Restrict the output to the lines below starting at the one that contains "Carmelo Anthony T-Shirts for Sale" and ending at the one that contains "To My Cat Mommy", and restate them word for word, both ends included.
(STUDY MATERIAL begins)
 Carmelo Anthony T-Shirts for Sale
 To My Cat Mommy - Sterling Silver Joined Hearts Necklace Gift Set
(STUDY MATERIAL ends)
(STUDY MATERIAL begins)
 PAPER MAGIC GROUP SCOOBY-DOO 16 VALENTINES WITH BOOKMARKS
(STUDY MATERIAL ends)
■ **WRITTEN SOLUTION**
 Carmelo Anthony T-Shirts for Sale
 To My Cat Mommy - Sterling Silver Joined Hearts Necklace Gift Set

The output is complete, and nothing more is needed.